Computer graphics processing and selective visual display system – Computer graphics processing – Three-dimension
Reexamination Certificate
2001-04-23
2004-07-20
Jankus, Almis R. (Department: 2671)
Computer graphics processing and selective visual display system
Computer graphics processing
Three-dimension
C345S424000
Reexamination Certificate
active
06765572
ABSTRACT:
FIELD OF THE INVENTION
The invention relates to an image processing system and method, especially, but not exclusively, within the context of toys and video games.
BACKGROUND ART
Video games and graphics games and other computer-related entertainment software applications have become increasingly more widespread, and are currently being used even on mobile phones. In multi-player games or applications, players use animated graphical representations, known as avatars, as their representatives in a virtual environment. Dedicated devices are being marketed for electronic pet toys, e.g., Tamaguchi: a rearing game, wherein the user has to take care of a virtual animal rendered on a display monitor.
SUMMARY OF THE INVENTION
The creation of virtual interactive worlds with graphics creatures and objects is an art form that does not lend itself well to being masterfully applied by a layperson, let alone by a child. Nevertheless, software applications that enable a layperson or a youngster to create such creatures and objects would be welcomed, as they help to give a person control over previously unattainable aspects of electronic worlds. The inventor therefore proposes a system and tools to enable to create electronic objects and creatures in a user-friendly and easily understood manner.
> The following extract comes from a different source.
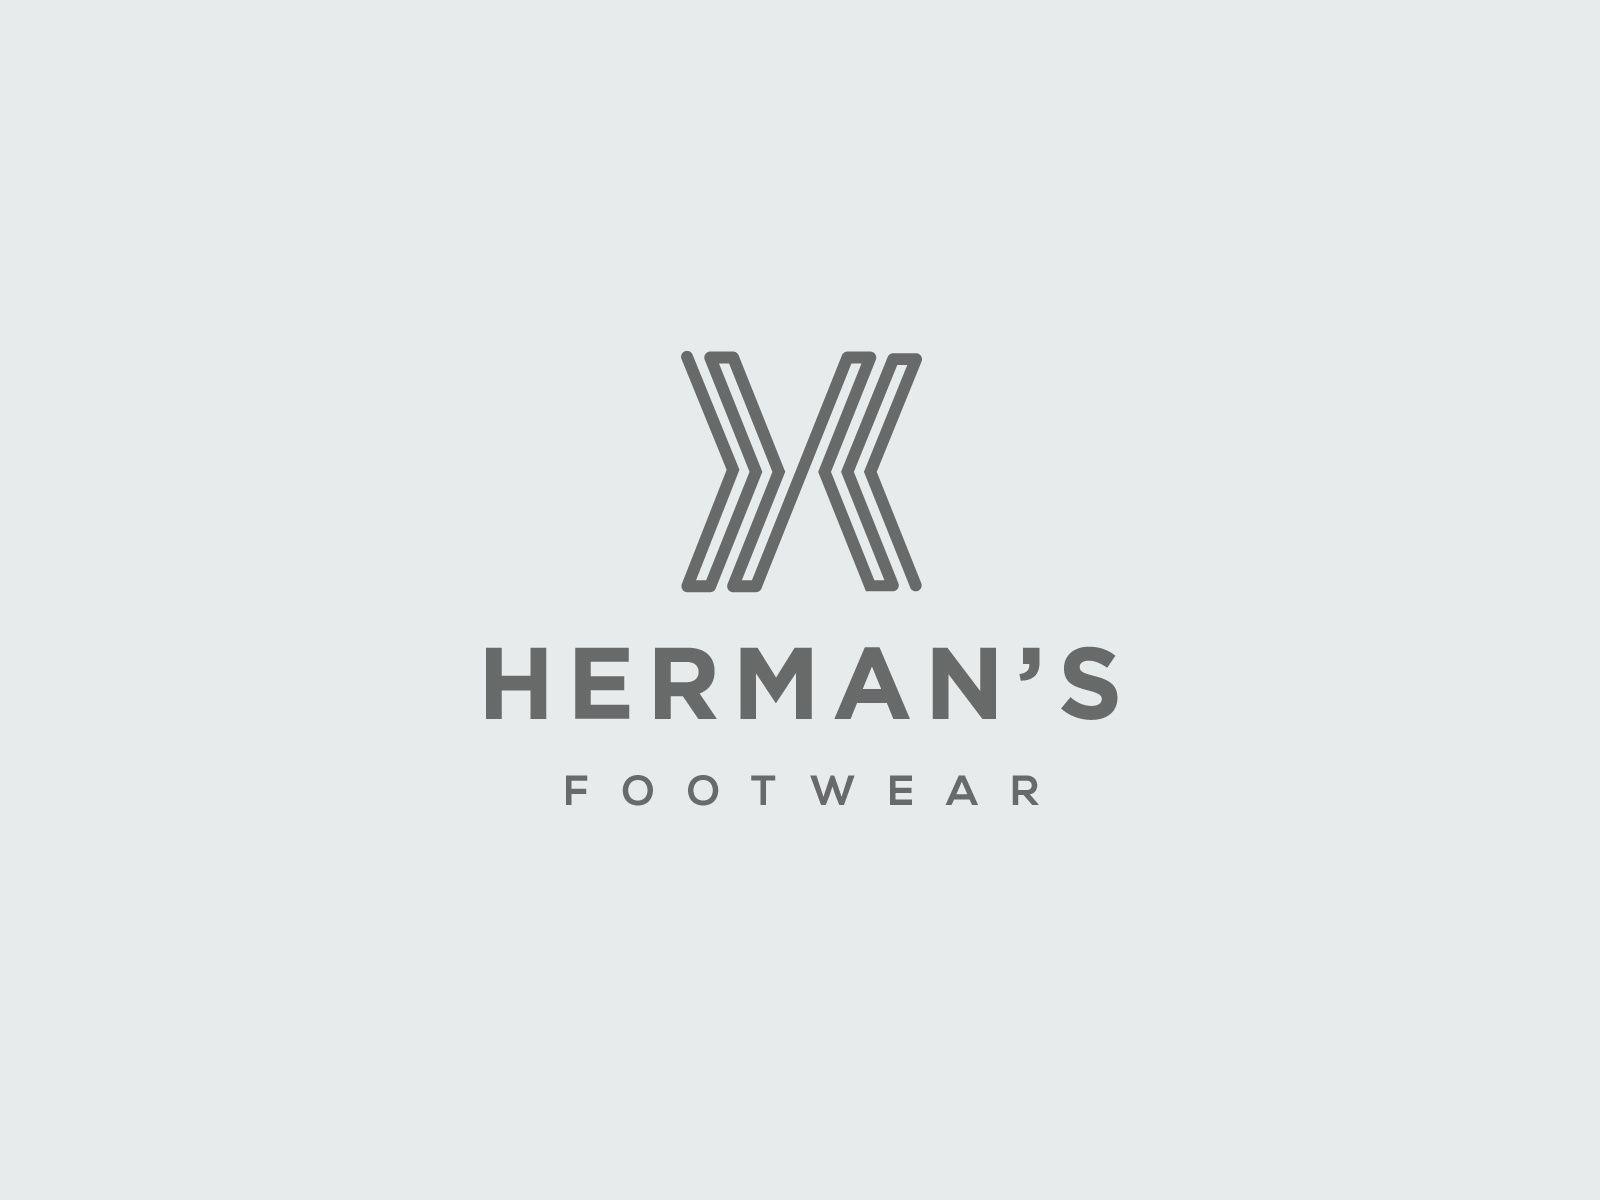 Herman Logo - Herman's Footwear Logo by Filippo Borghetti on Dribbble

The invention provides a tool to map a 3-D physical object onto a 2-D outline or silhouette in electronic format. For example, the 3-D object is illuminated and its shadow is cast onto an array of light-sensors. The light sensors enable to translate the shadow into a 2-D bitmap. Rotating the 3-D object gives another shadow and another bitmap. Preferably, each bitmap is associated with information about a relative orientation of the light source, the physical object and the sensor array. The collection of bitmaps and relative orientations enables to reconstruct a 3-D graphics representation of the physical object's shape. For example, each voxel is removed from a voxel space that does not belong to a cylinder with a specific bitmap as cross-section, when the bitmap is projected onto the voxel space in its proper orientation.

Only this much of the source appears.